• [TASK DETAILS]
Restate each line of the listing exactly, without carrying over any pictures.

• [EXERCISE DATA]

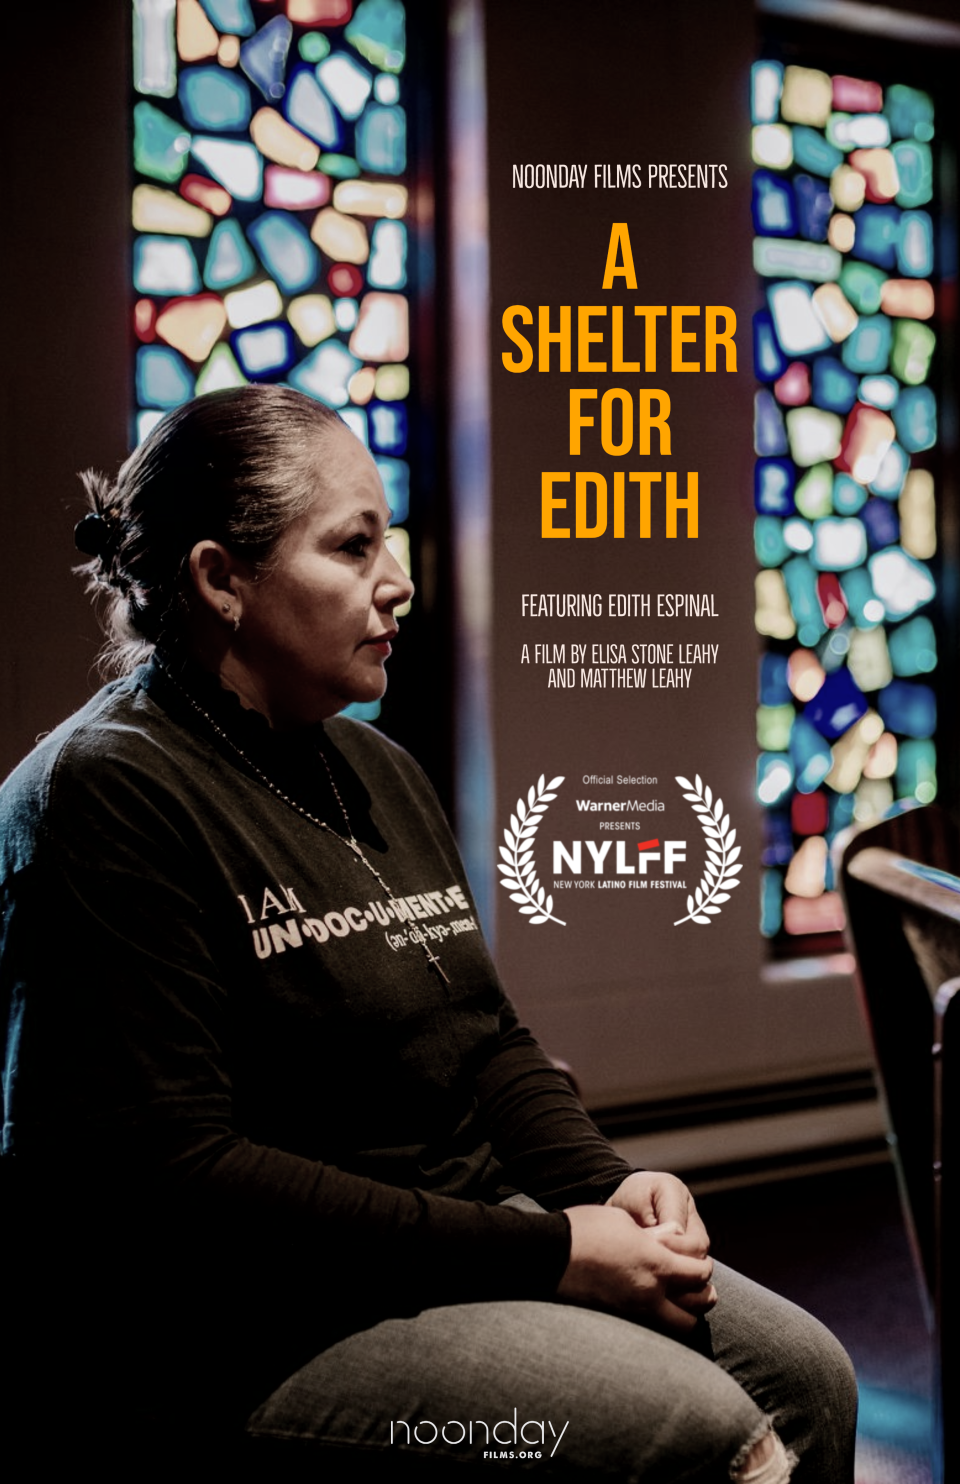 The poster for the documentary "A Shelter for Edith," releasing Sept. 18, 2021. The film details Edith Espinal's time seeking immigration sanctuary inside Columbus Mennonite Church.
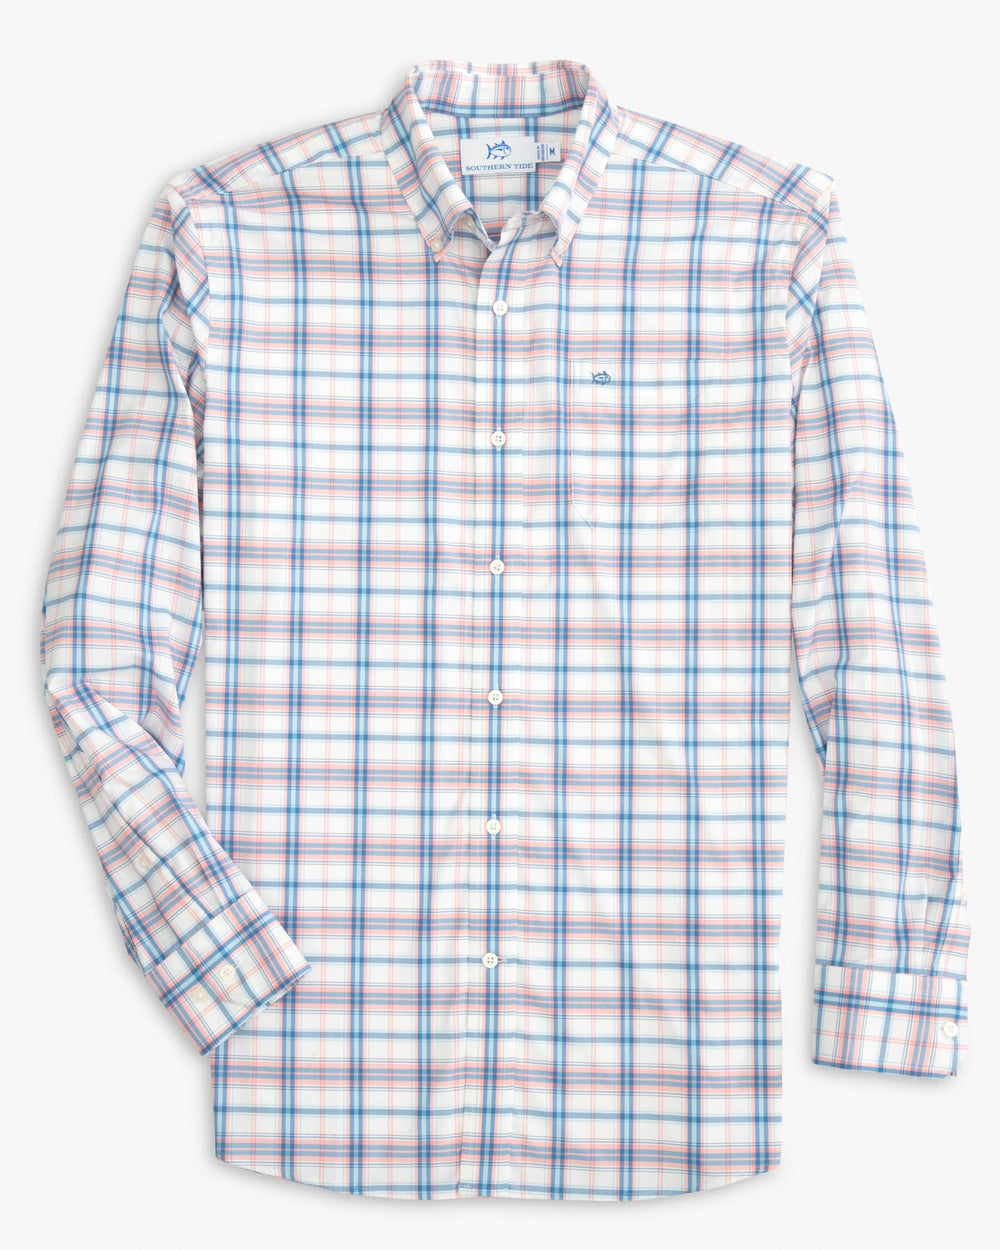 The front view of the Southern Tide Sapelo Plaid Intercoastal Sport Shirt by Southern Tide - Flamingo Pink
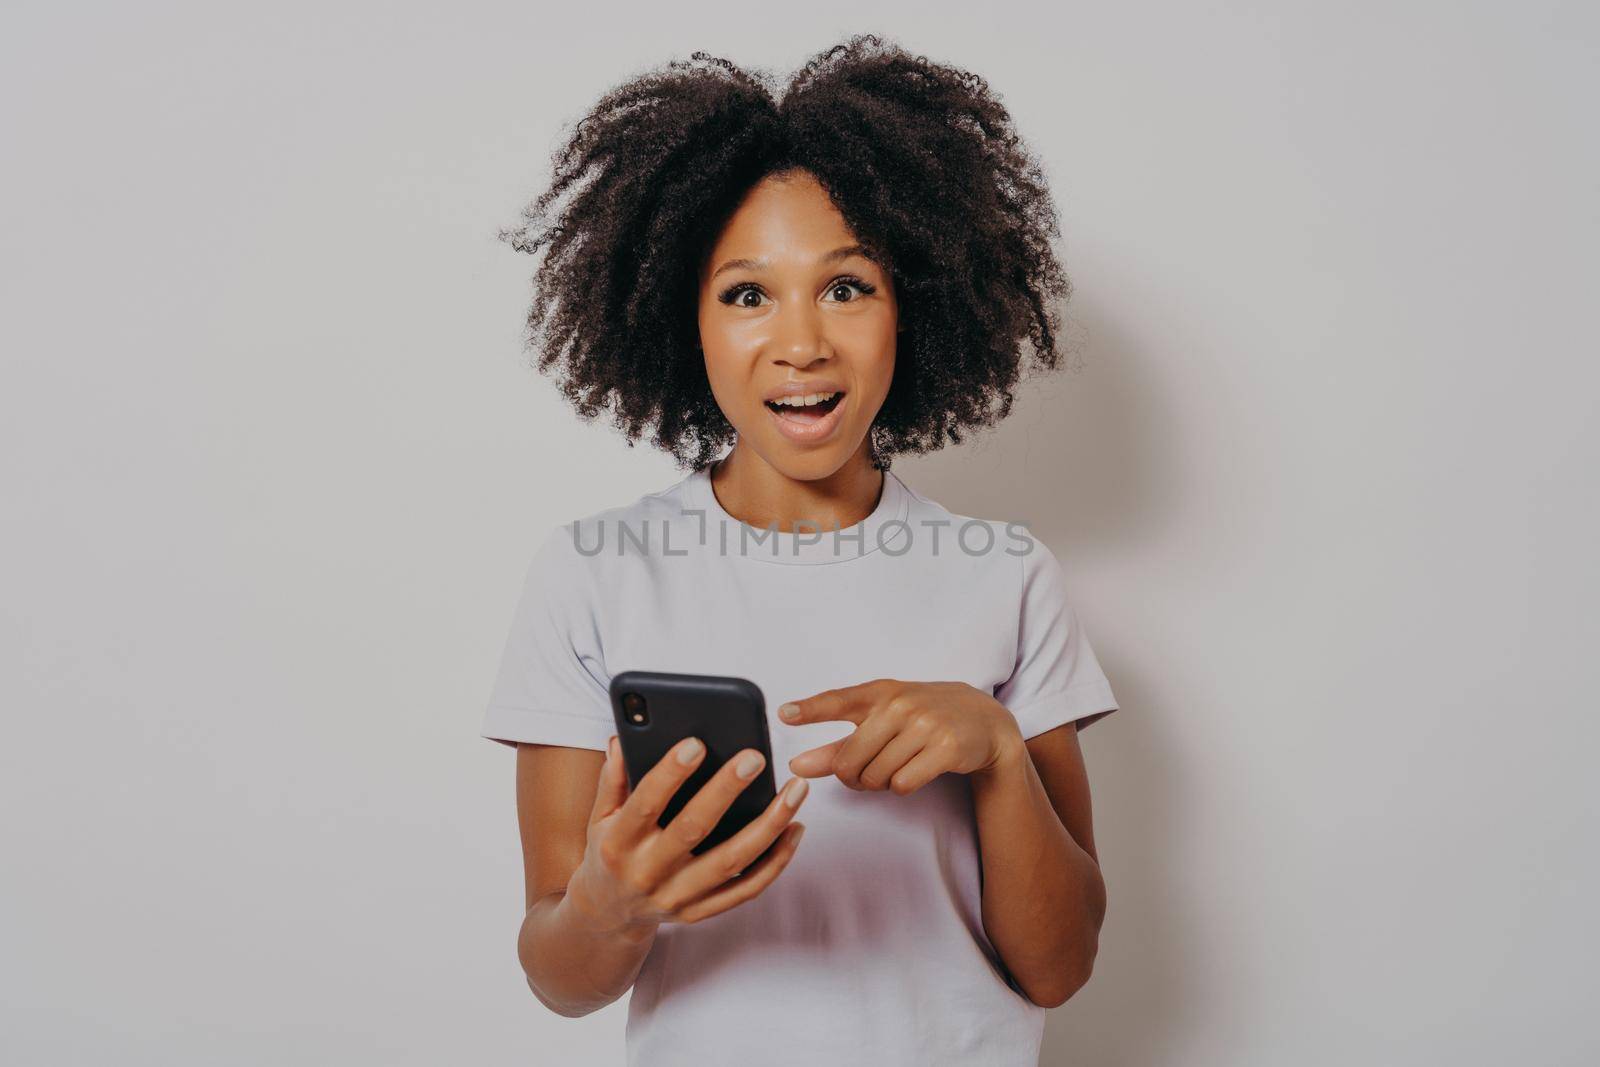 Excited happy dark skinned lady with curly hair holding mobile phone by vkstock
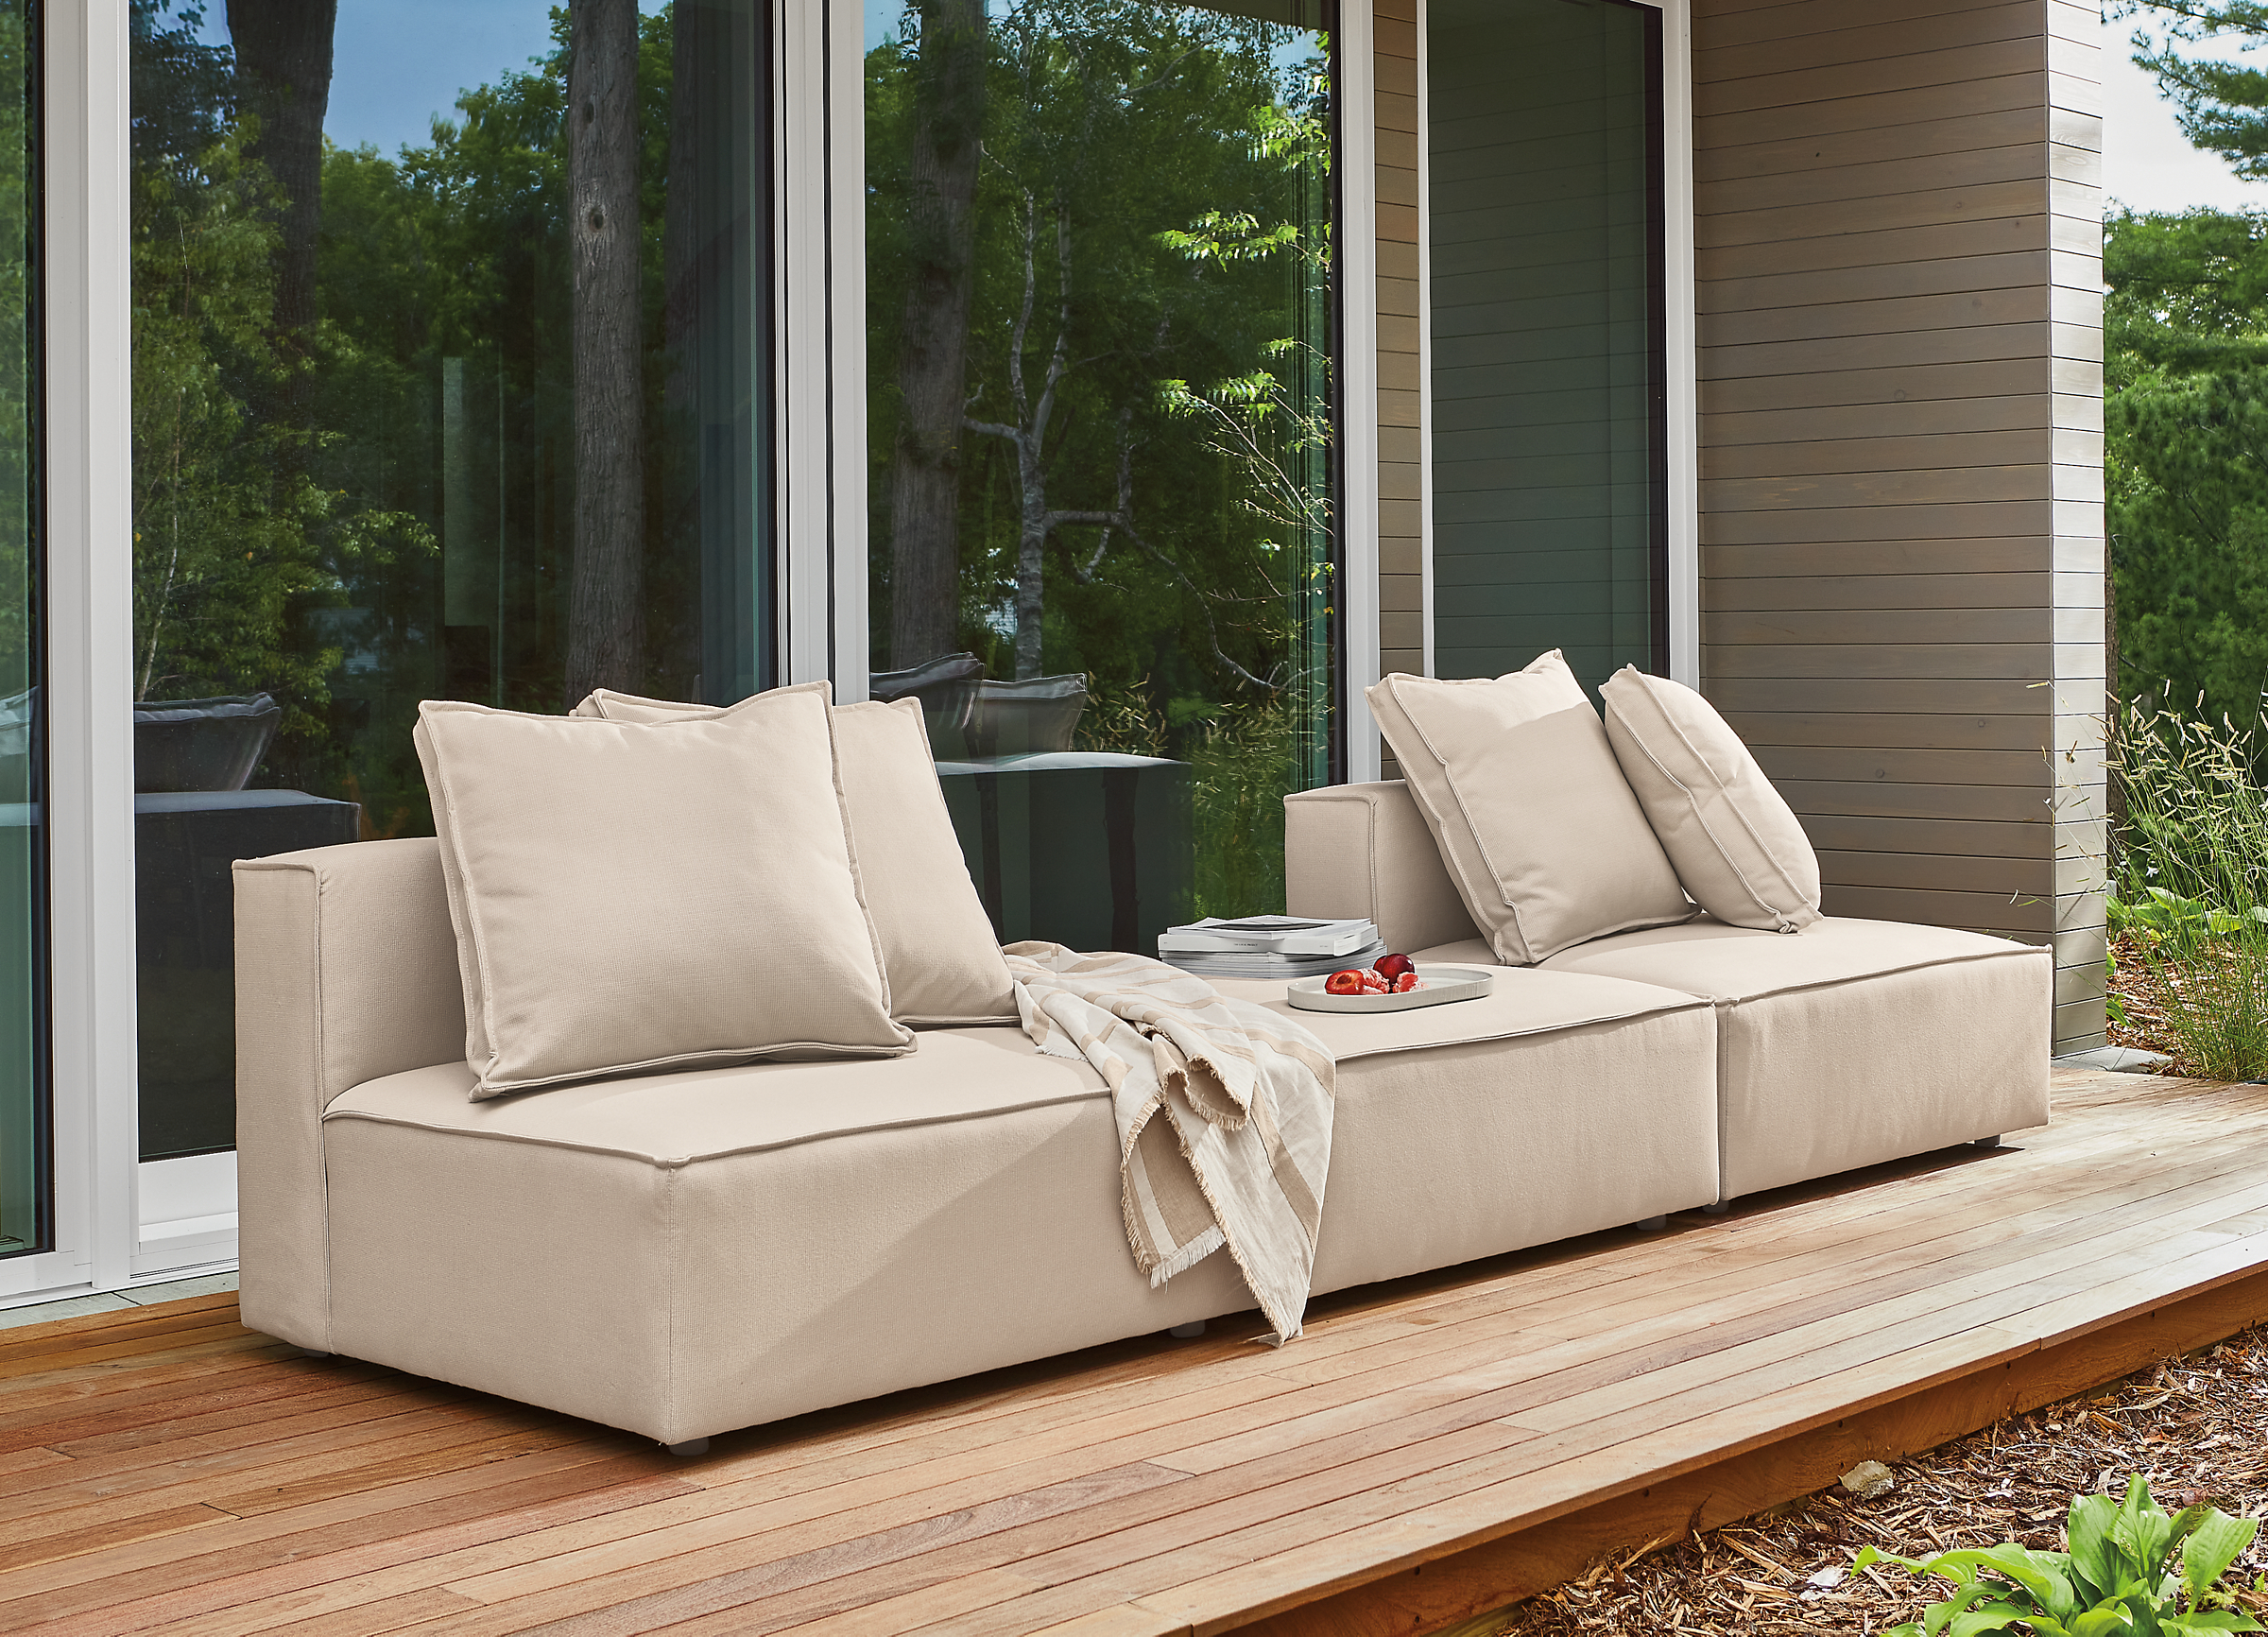 Outdoor space with Oasis armless chairs and Oasis ottoman.

• [COMPLETED EXERCISE]
 The poster for the documentary "A Shelter for Edith," releasing Sept. 18, 2021. The film details Edith Espinal's time seeking immigration sanctuary inside Columbus Mennonite Church.
 The front view of the Southern Tide Sapelo Plaid Intercoastal Sport Shirt by Southern Tide - Flamingo Pink
 Excited happy dark skinned lady with curly hair holding mobile phone by vkstock
 Outdoor space with Oasis armless chairs and Oasis ottoman.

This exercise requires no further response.